Donnerstag, 2. Juli 2015

Räumung in Stuttgart. Foto: Chris Grodotzki | visual-rebellion.com Der Bundesverband Bürgerinitiativen Umweltschutz (BBU) hat mit Empörung auf die nächtliche Räumung des Protest-Camps im Stuttgarter Schlossgarten reagiert. "Rund 2000 Polizeibeamte waren im Einsatz und trotz dieser martialen Übermacht kam es noch zu Schlagstockeinsätzen. Das ist nicht hinnehmbar", kritisiert der BBU in einer Pressemitteilung. Scharfen Protest erhebt der BBU auch gegen die inzwischen begonnene Fällung von Bäumen im Stuttgarter Schlossgarten. "Ein wertvoller Baumbestand wird vernichtet, um ein sinnlosses Bahnprojekt durchzupeitschen", so der Dachverband zahlreicher Bürgerinitiativen und Umweltverbände.



Am Dienstag (14. Februar) hatte der BBU bei der Staatsanwaltschaft in Stuttgart eine Strafanzeige gegen Unbekannt eingereicht. Mit der Strafanzeige sollte u. a. ein Baustopp und damit der Schutz der Bäume erwirkt werden. Mit der Strafanzeige  hat der BBU grundsätzlich eine Überprüfung des Projektes Stuttgart 21, und des dazu gehörigen sogenannten Stresstests und der dazu im Zusammenhang stehenden Volksabstimmung, auf strafrechtliche Verstöße  durch verschiedene Institutionen und Personen beantragt. Der zum geschäftsführenden Vorstand des BBU gehörige Prof. Dr. Jürgen Rochlitz erklärte, dass  sowohl bei der Schlichtung als auch bei dem durchgeführten Stresstest, wie auch im Vorfeld der Volksabstimmung, mehrfach der Verdacht nahe lag, dass die positive Einschätzung des Projekts  mit Hilfe von Manipulationen, Täuschungen und sogar Betrug zustande gekommen ist.

Der BBU solidarisiert sich weiterhin mit dem Widerstand gegen das teure und überflüssige Projekt Stutgart 21 und spricht sich gegen eine Kriminalisierung der Aktivistinnen und Aktivisten aus.
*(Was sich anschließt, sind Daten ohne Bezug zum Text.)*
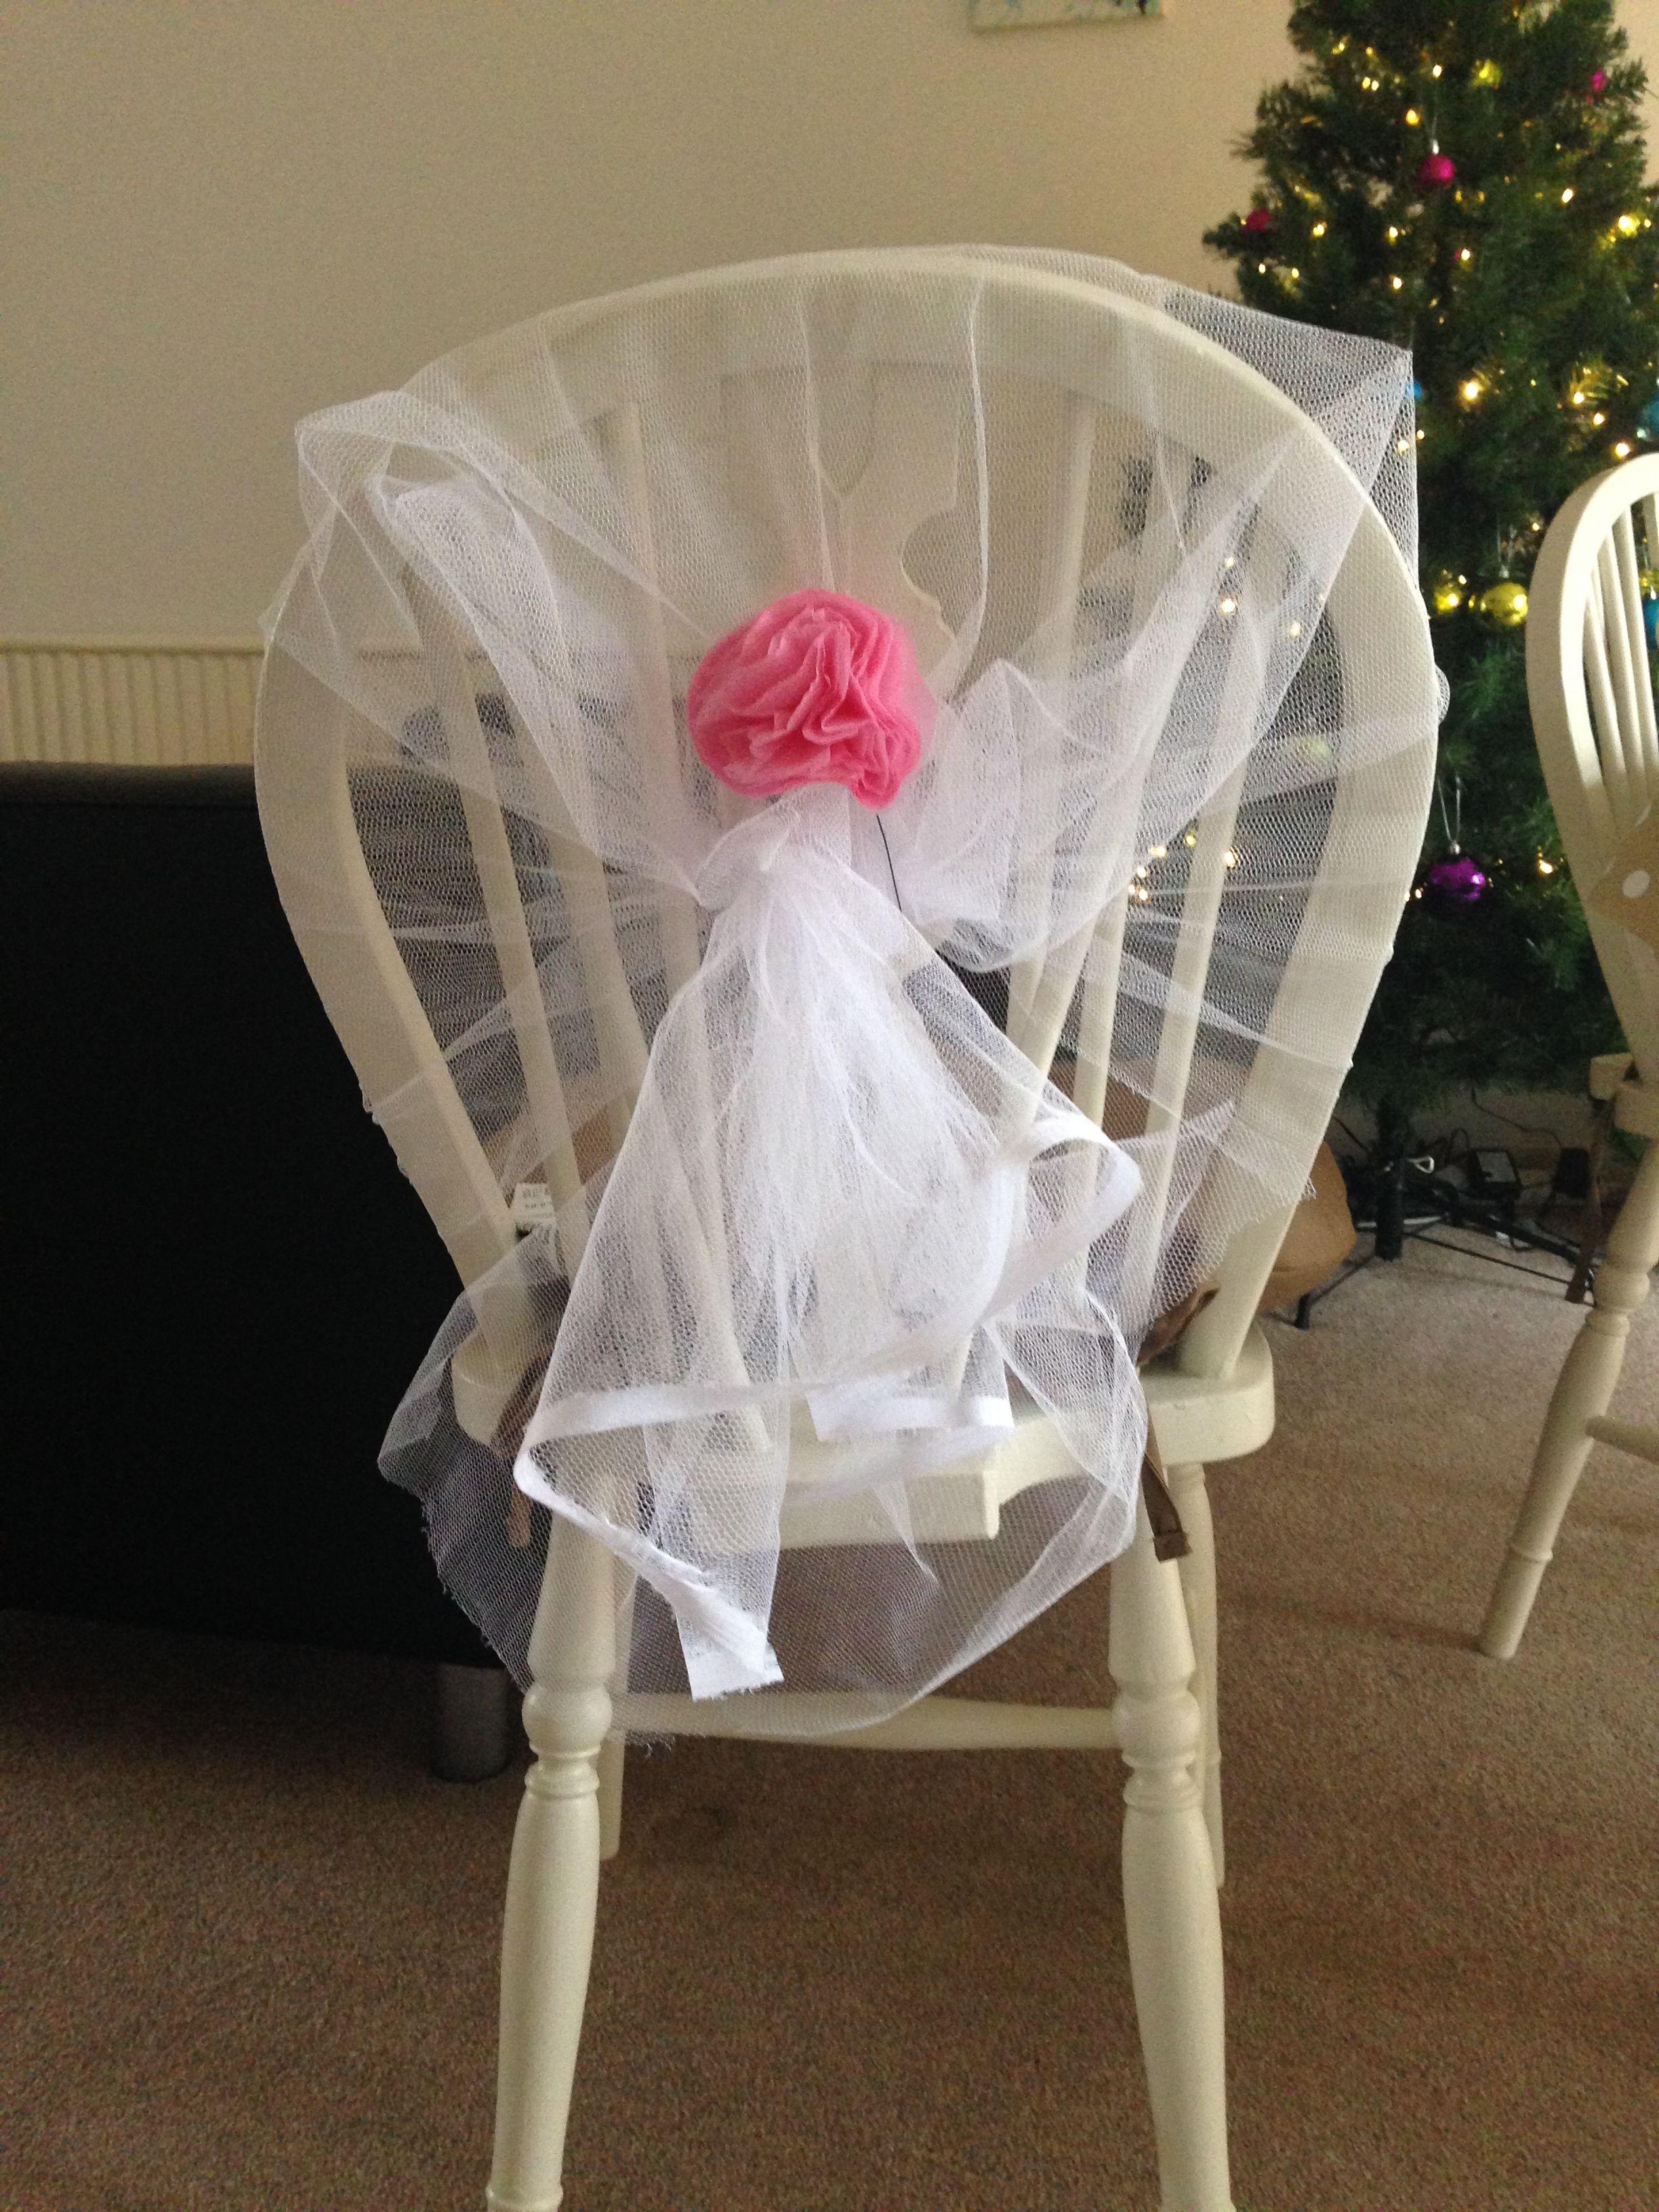 Chair Cover Diy IKEA Poang Chair Cover Sypsie Designs Diy Folding

Der BBU unterstützt den Aufruf zur Teilnahme an einer Protest-Kundgebung am Samstag (18. Februar), die um 14.30 Uhr am Stuttgarter Schlossplatz beginnen wird.
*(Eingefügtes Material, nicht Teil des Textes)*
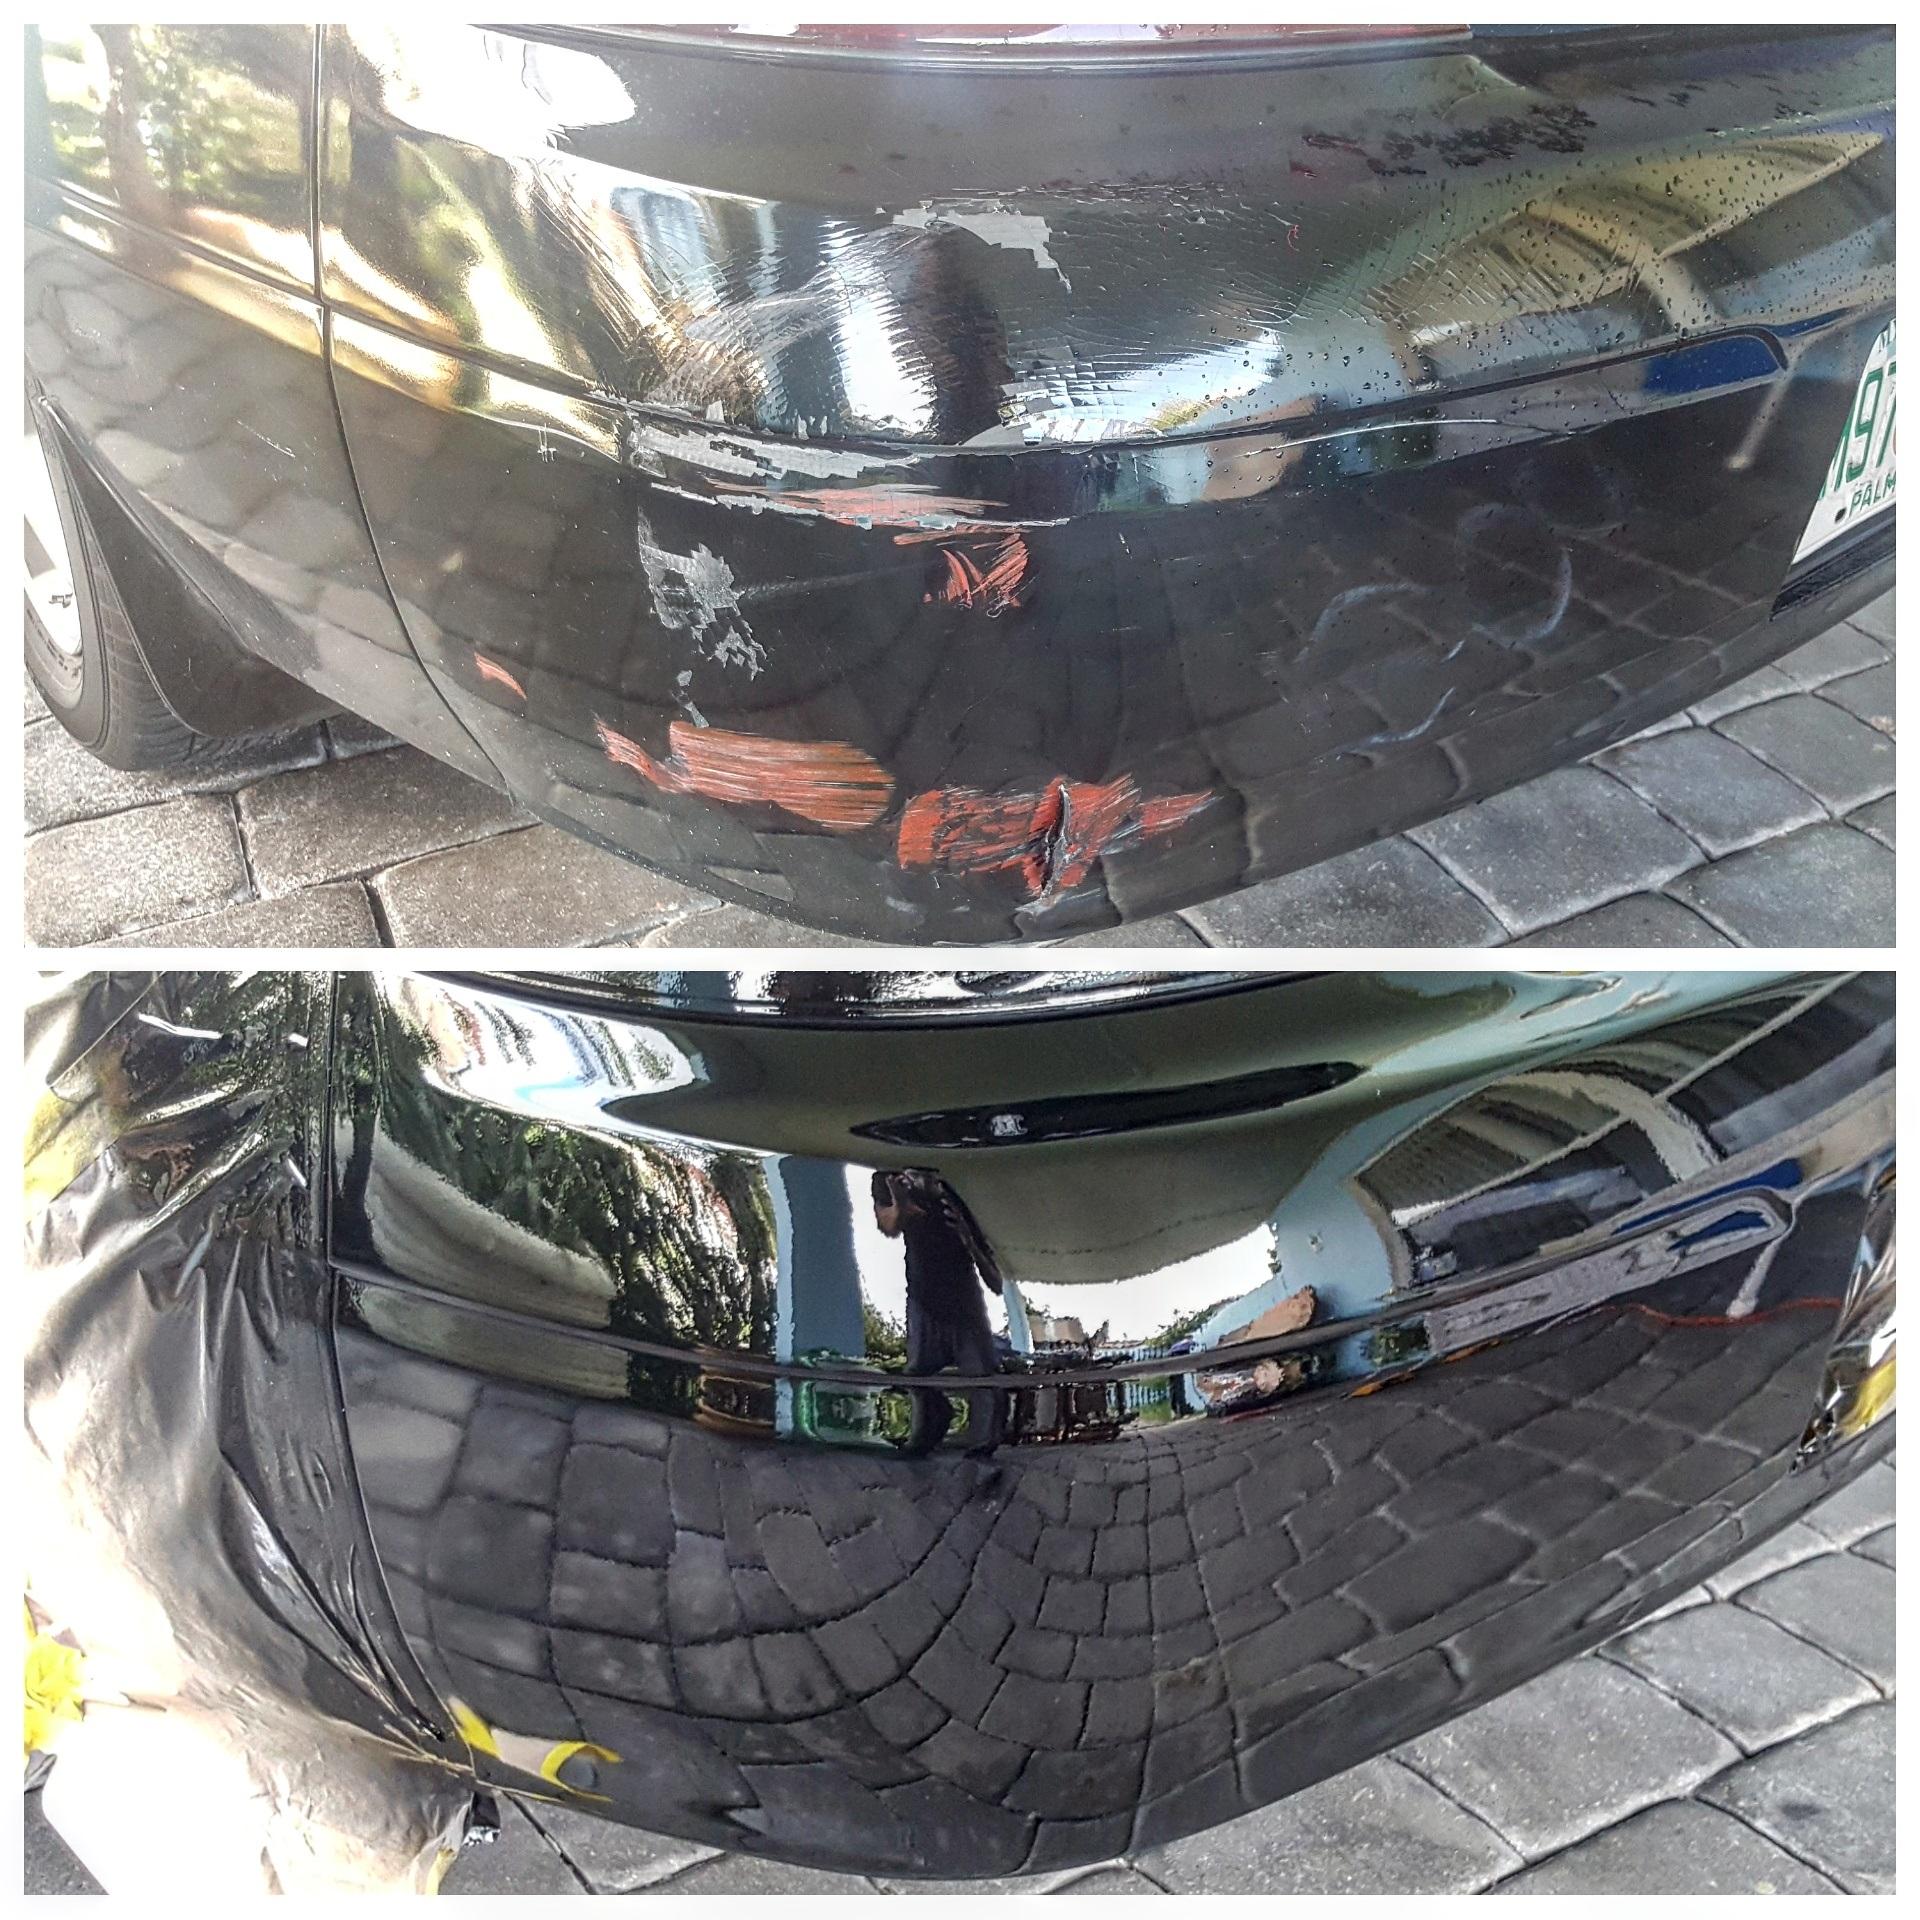 mobile autobody repair service Boca Raton fl

Die Umweltschutzorganisation Robin Wood kommentierte die Räumung:

Mehrere Tausend Polizisten wurden heute aufgeboten, um die Einrichtung einer Baustelle für einen neuen Bahnhof durchzusetzen. Der Polizeieinsatz begann bei nasskaltem Wetter um drei Uhr in der Nacht. Polizeieinheiten umzingelten das Baufeld. In Viererketten rückten die mit Helmen und Schlagstöcken ausgerüsteten Beamten in den Park vor, forderten DemonstrantInnen zum Gehen auf, trugen SitzblockiererInnen weg und durchkämmten die Zelte des Widerstandsdorfes. Später begann die Räumung der besetzten Bäume. Außerdem musste die Polizei noch einen ROBIN WOOD-Aktivisten und einen Parkschützer lösen, die sich beide in der Nähe eines besetztes Baums an einer Verankerung im Boden fest geschlossen hatten. ROBIN WOOD kritisiert das Vorgehen des Polizeieinsatzleiters, der ausdrücklich untersagte, dass jemand von ROBIN WOOD als Kontaktperson zwischen KletterInnen und Polizei vor Ort bei den Bäumen bleiben durfte. Die AktivistInnen sehen darin ein unnötiges Sicherheitsrisiko, weil es dadurch im Notfall länger dauert, Hilfe zu organisieren.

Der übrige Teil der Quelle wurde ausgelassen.